- [Dataset content]
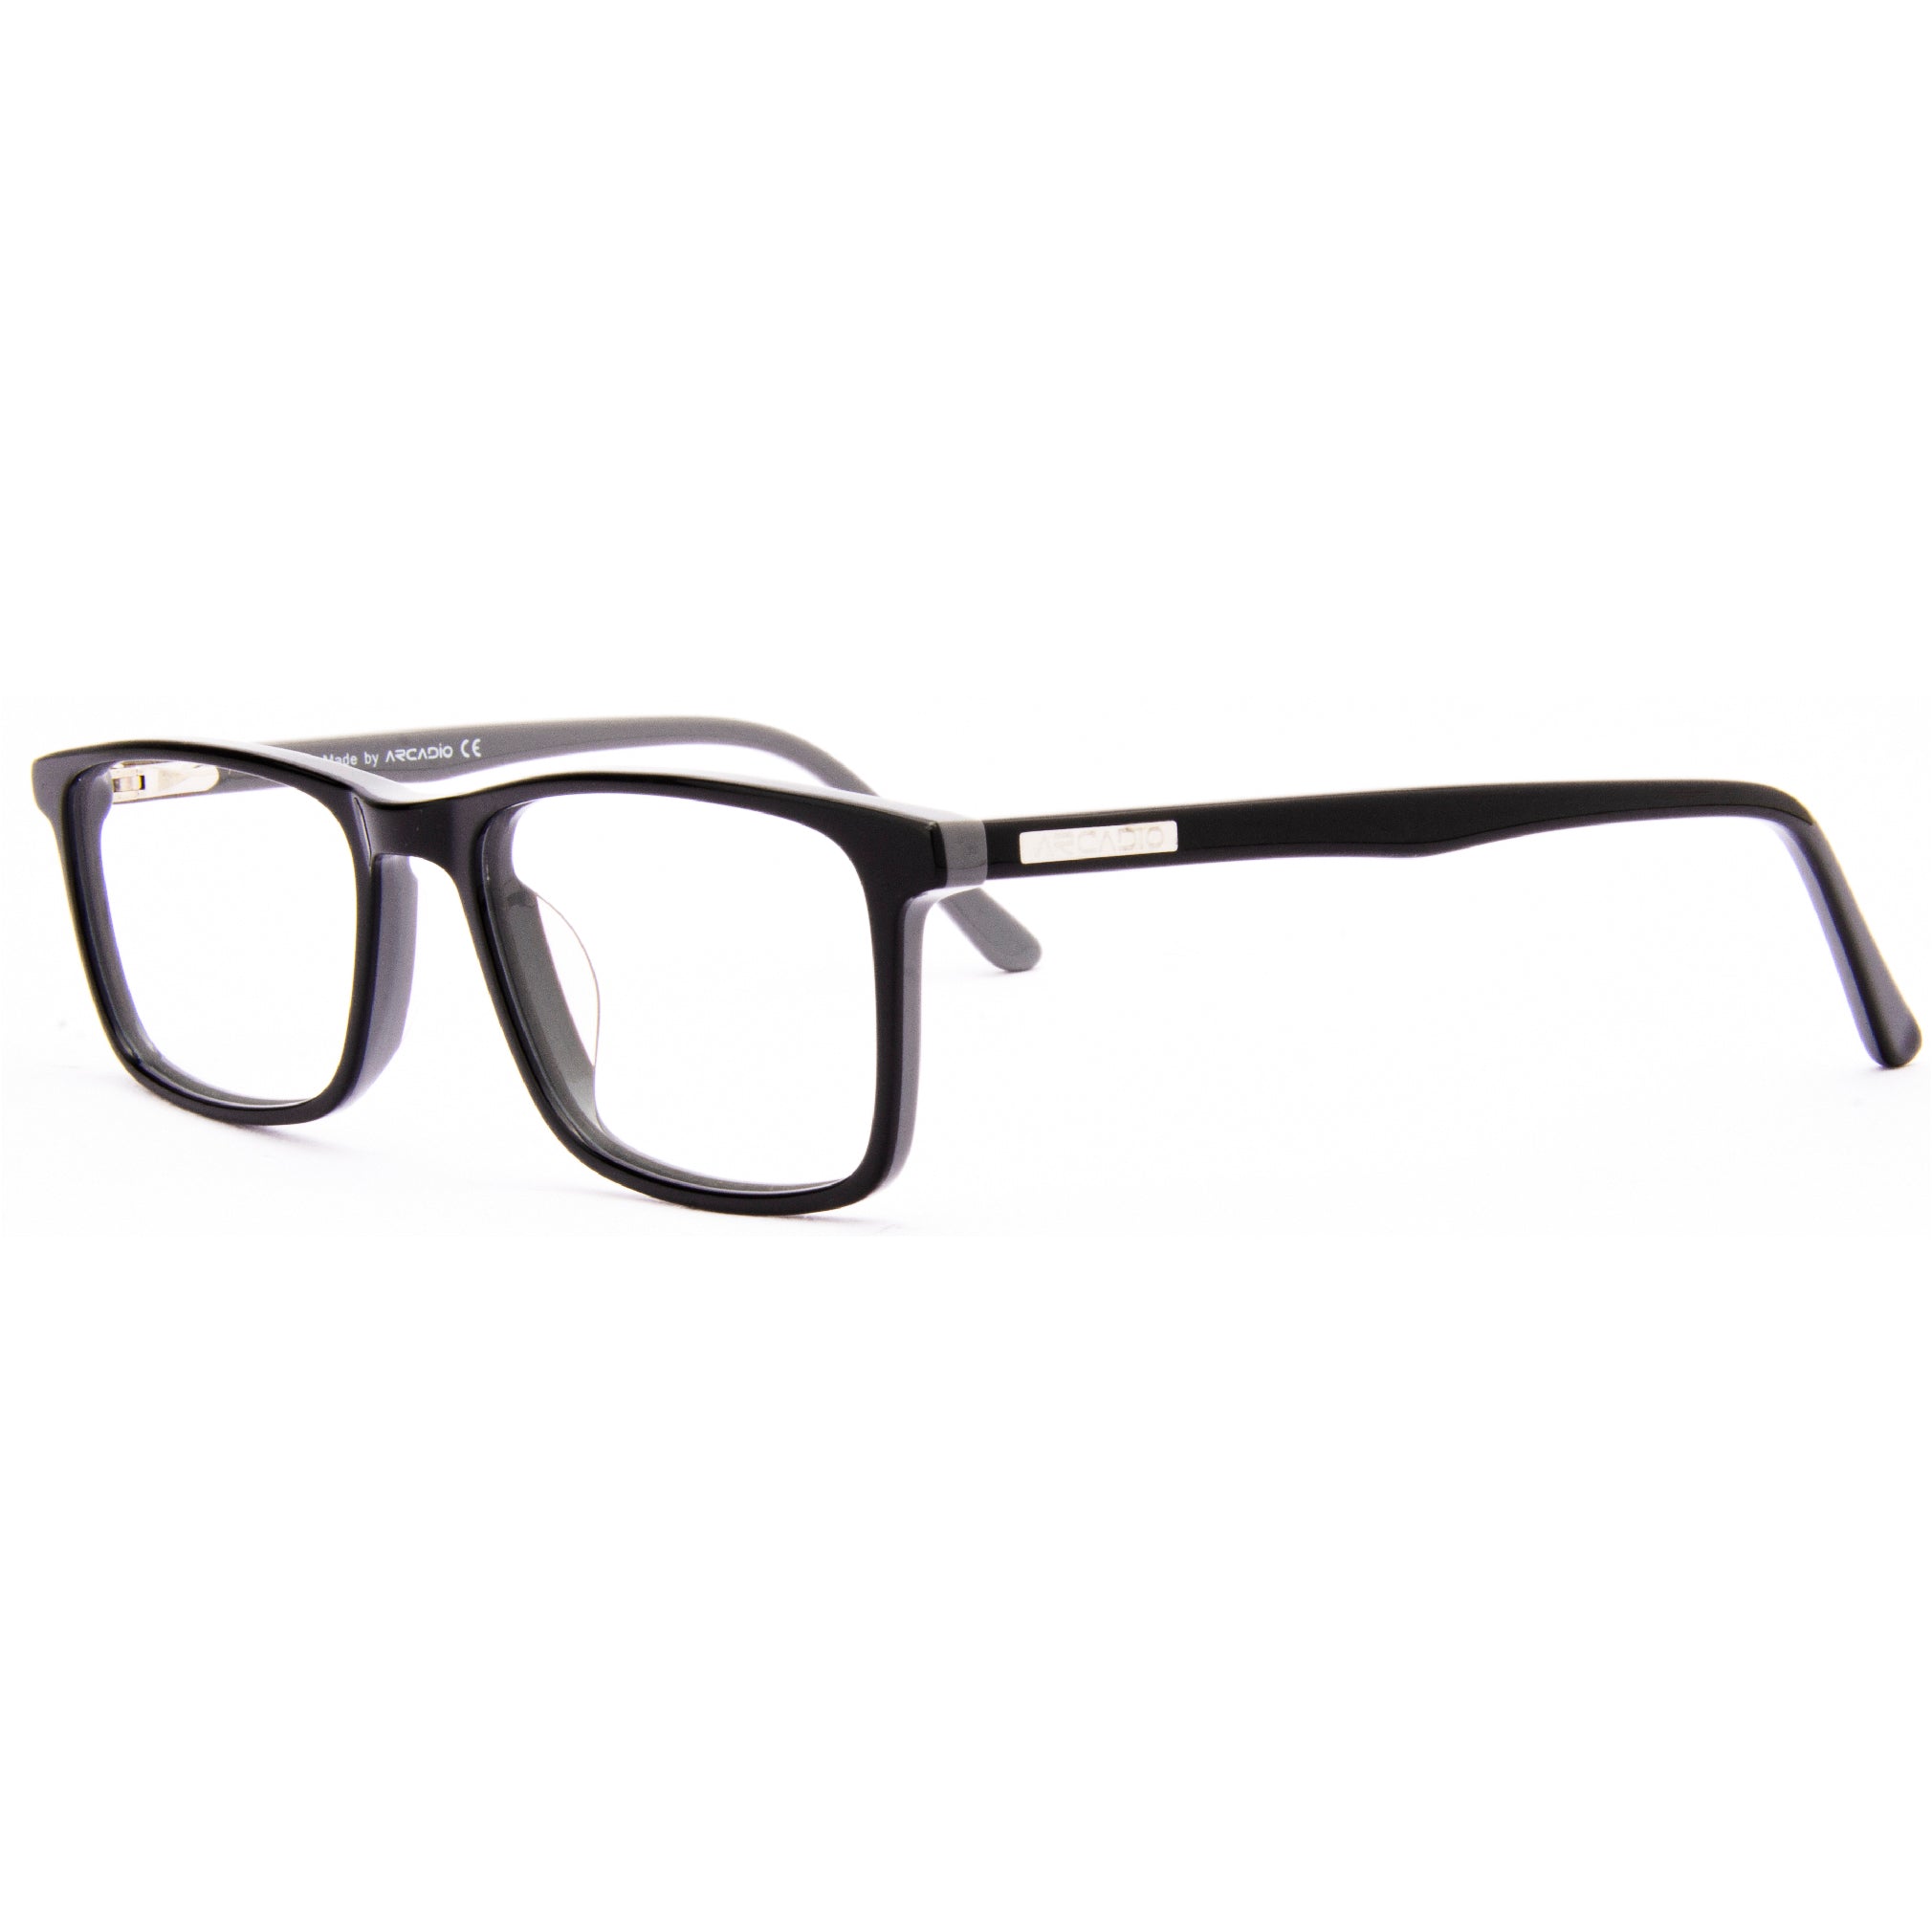 BRAVO Minimalist Eyeglasses for Teens SF4440 ARCADIO
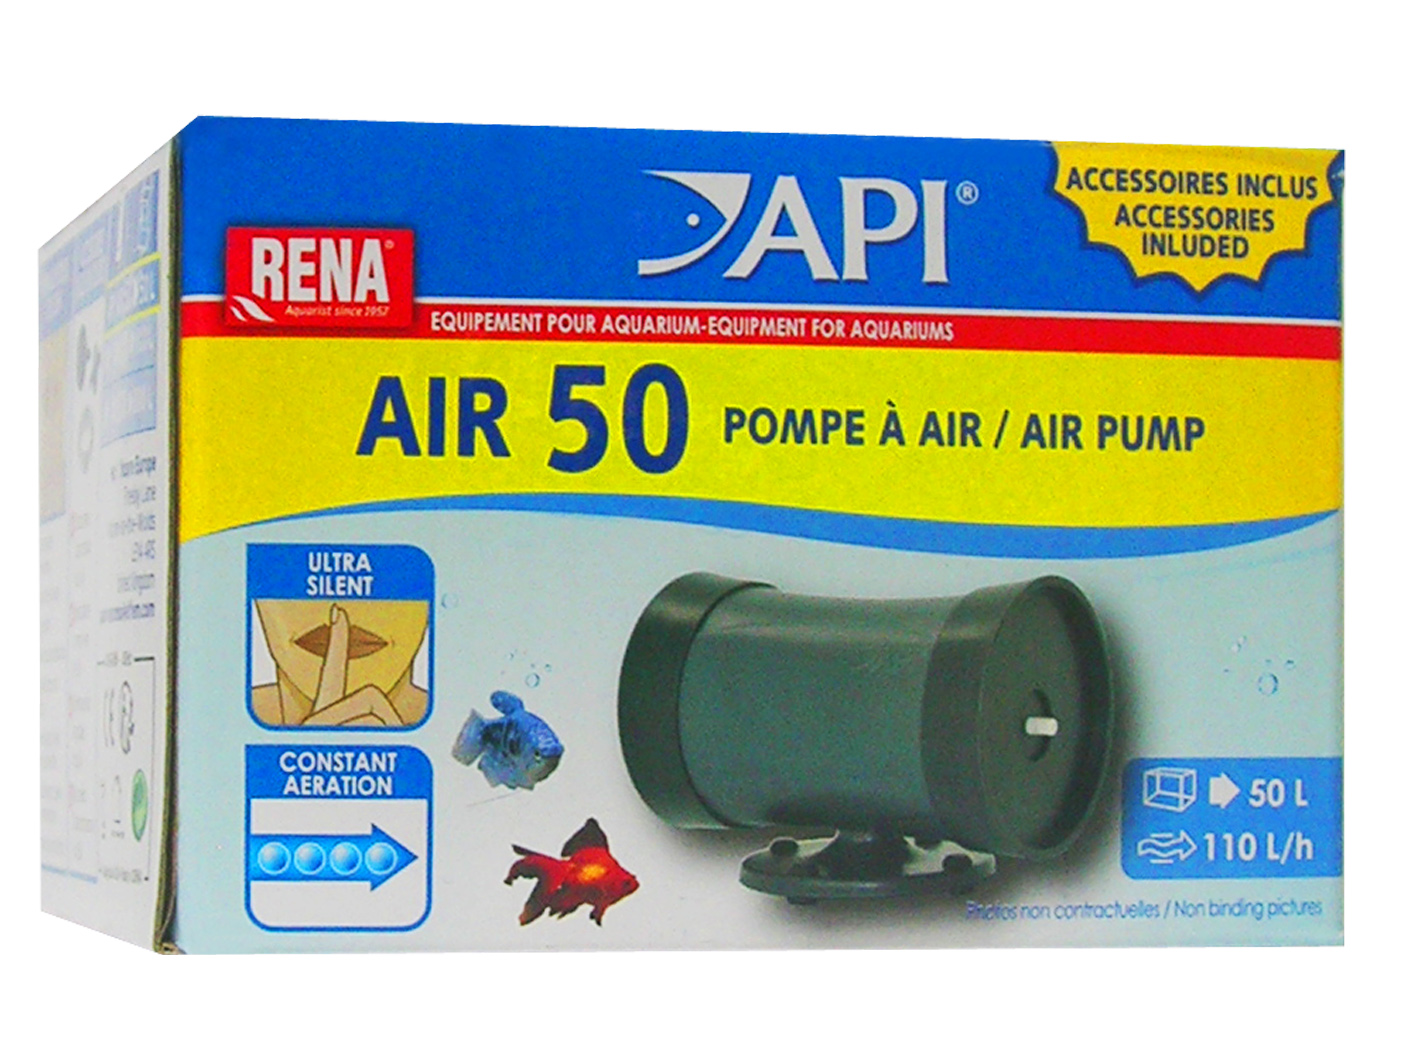 TETRA - APS 50 Blanche - Pompe à air pour aquarium 50 l/h
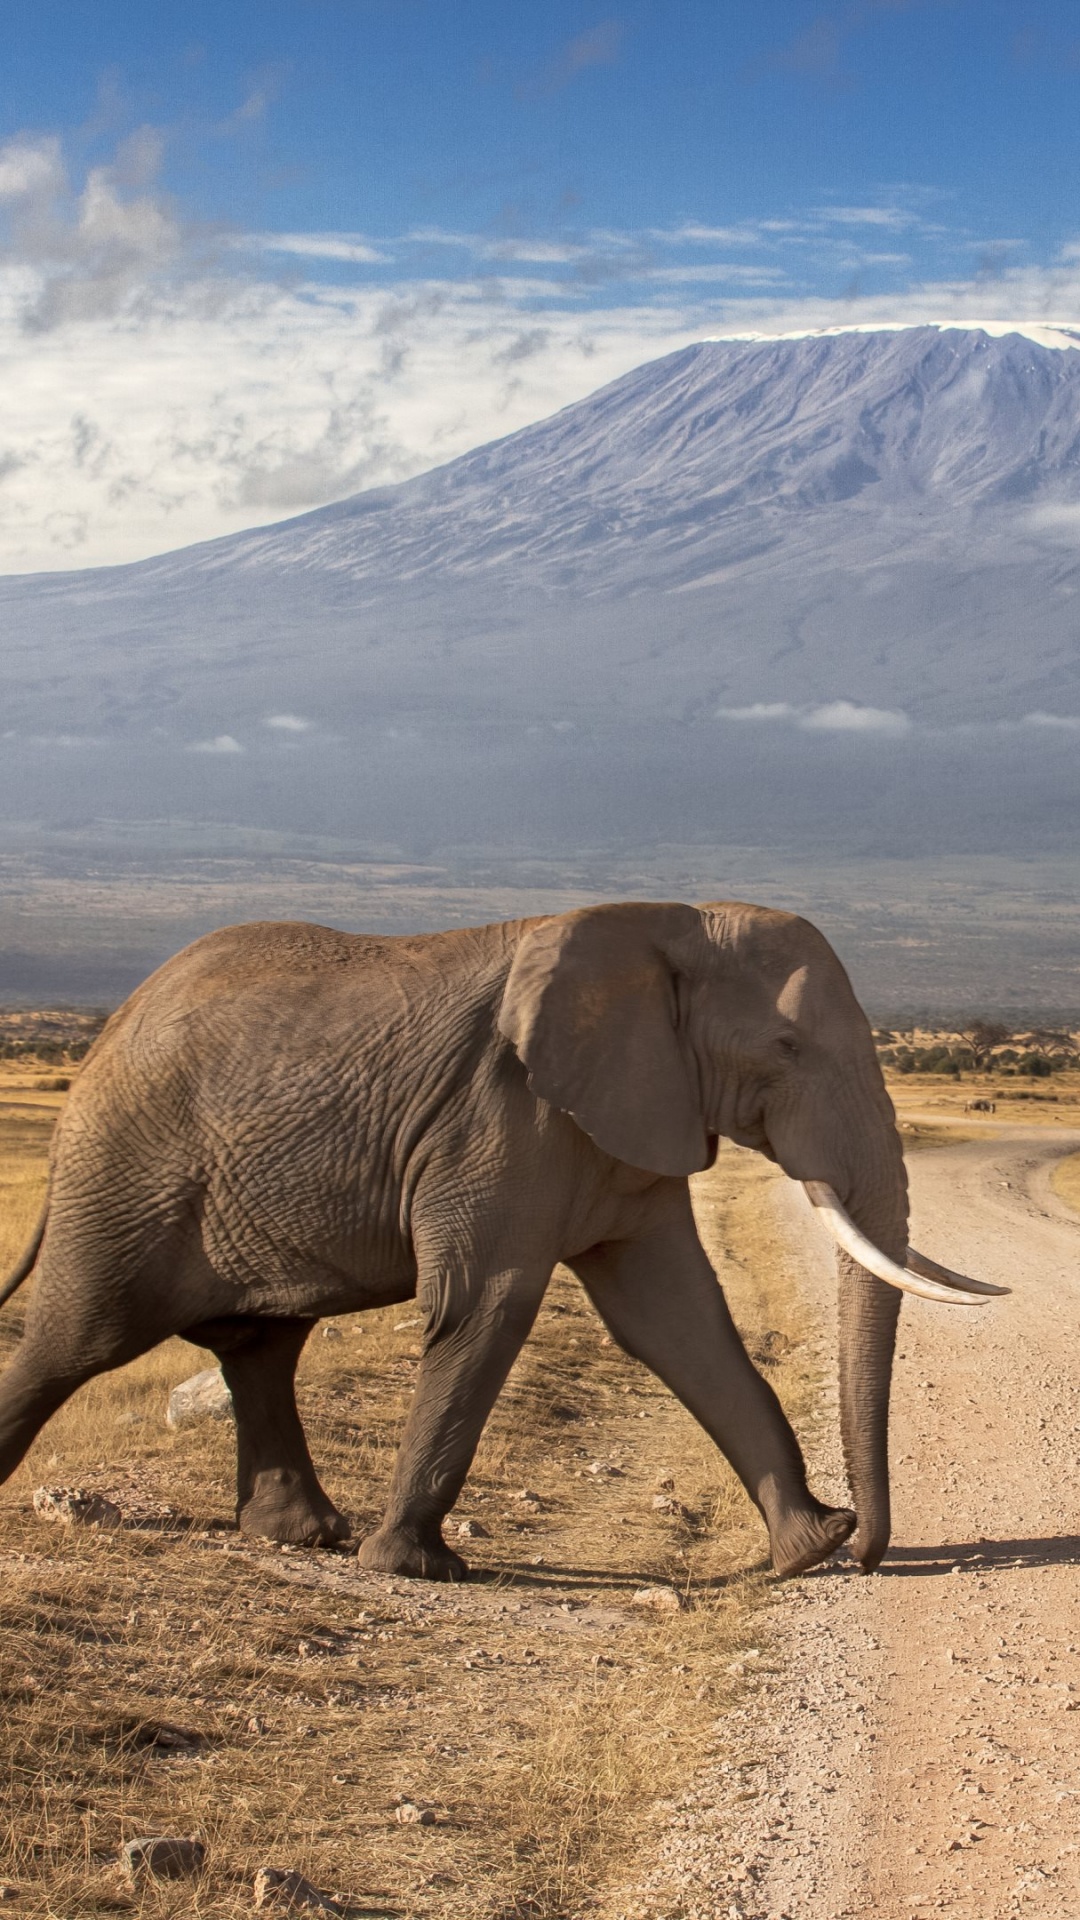 安博塞利国家公园, 马赛马拉, Safari, 大象和猛犸象, 野生动物 壁纸 1080x1920 允许
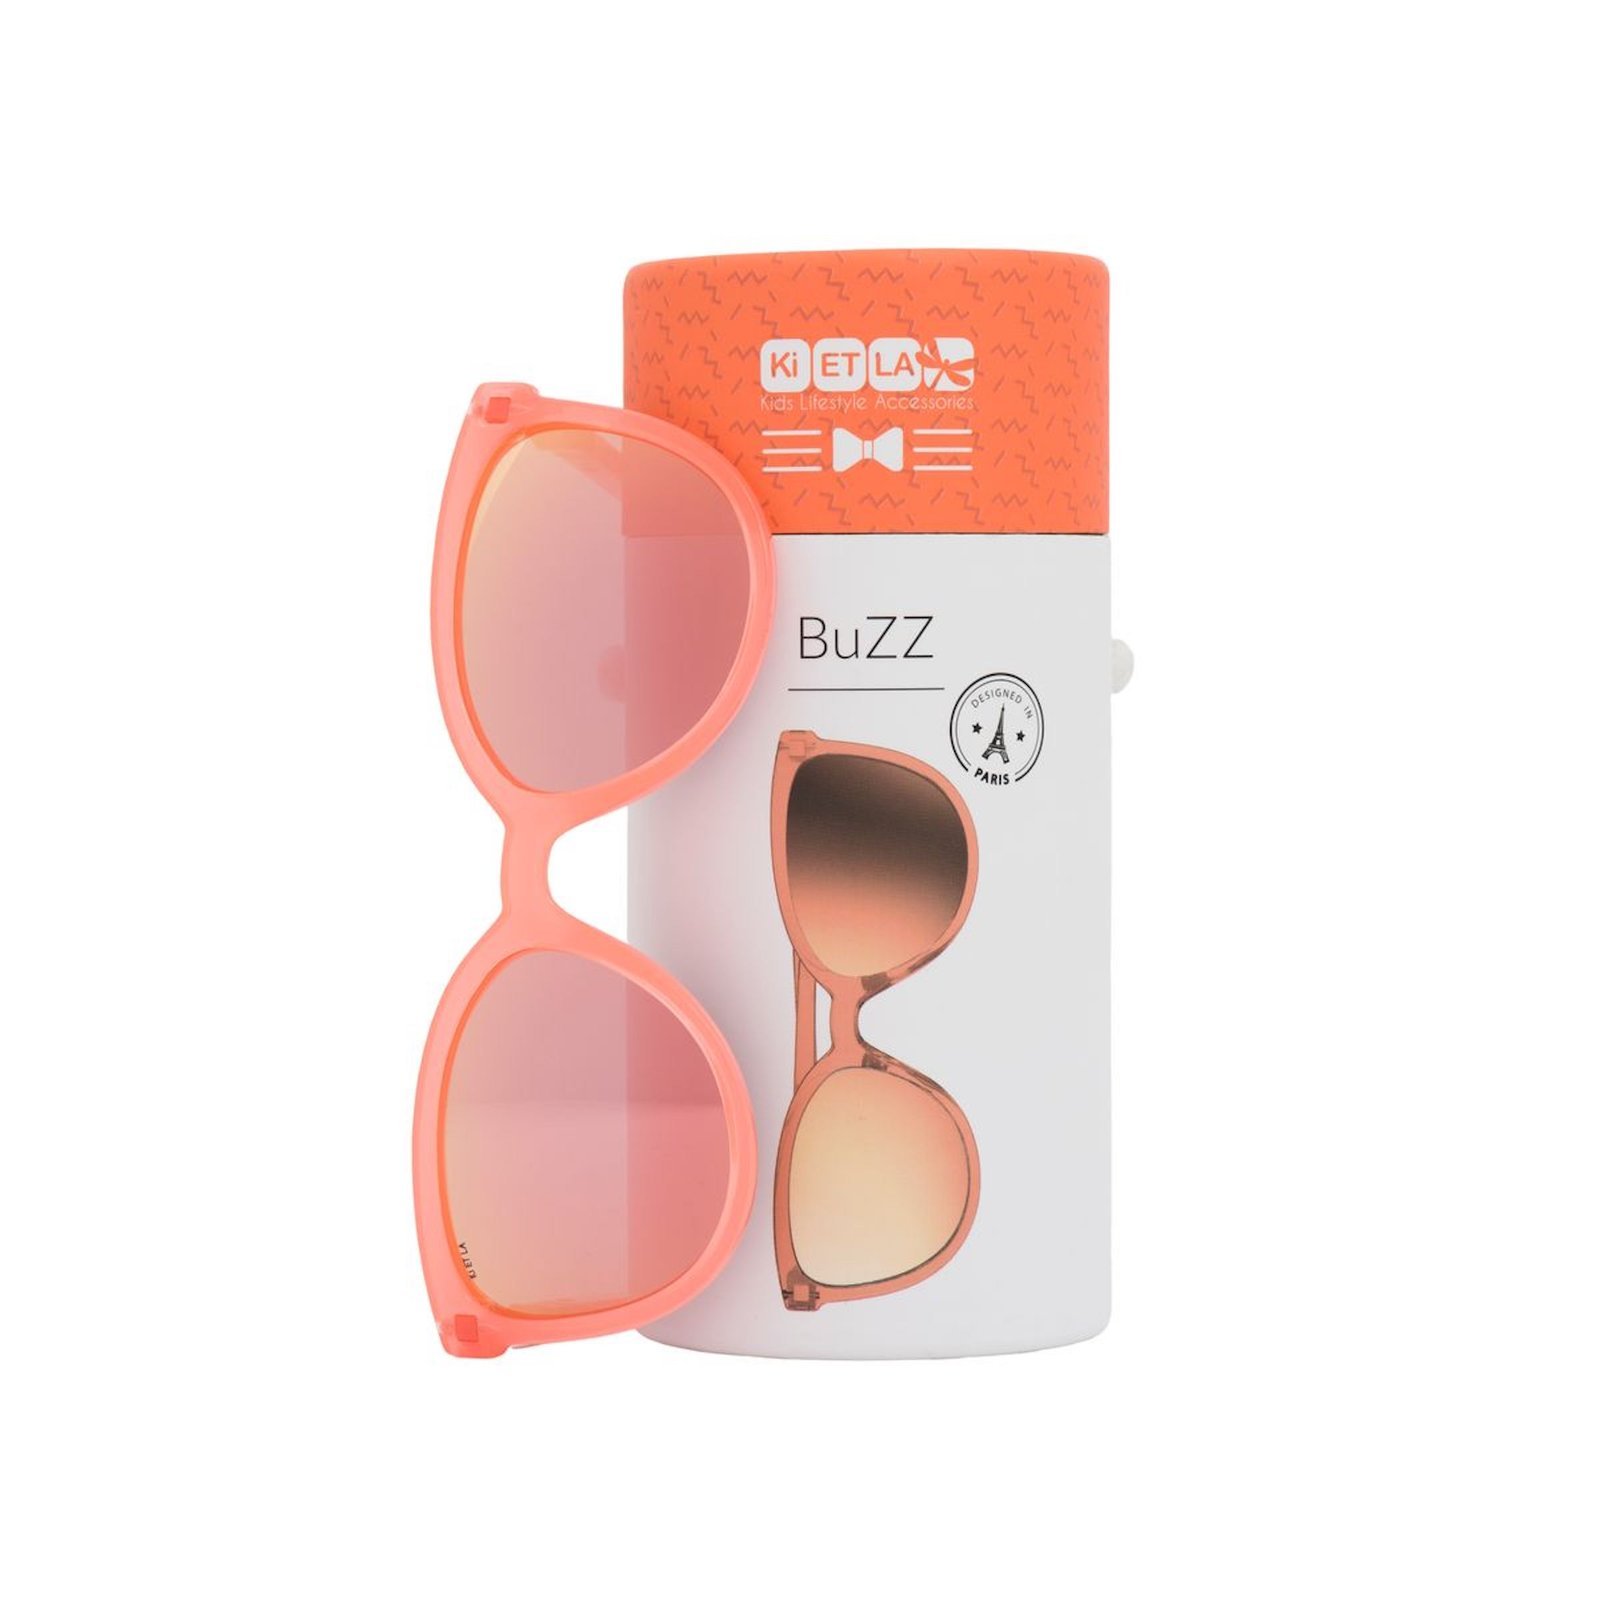 Okulary przeciwsłoneczne BuZZ 4-6 Neon | Kietla

- [Prompt]
After locating the line with "TETRA - APS", transcribe it and the rest of the data above exactly as written, without any picture.

- [Completed task]
 TETRA - APS 50 Blanche - Pompe à air pour aquarium 50 l/h
 安博塞利国家公园, 马赛马拉, Safari, 大象和猛犸象, 野生动物 壁纸 1080x1920 允许
 Okulary przeciwsłoneczne BuZZ 4-6 Neon | Kietla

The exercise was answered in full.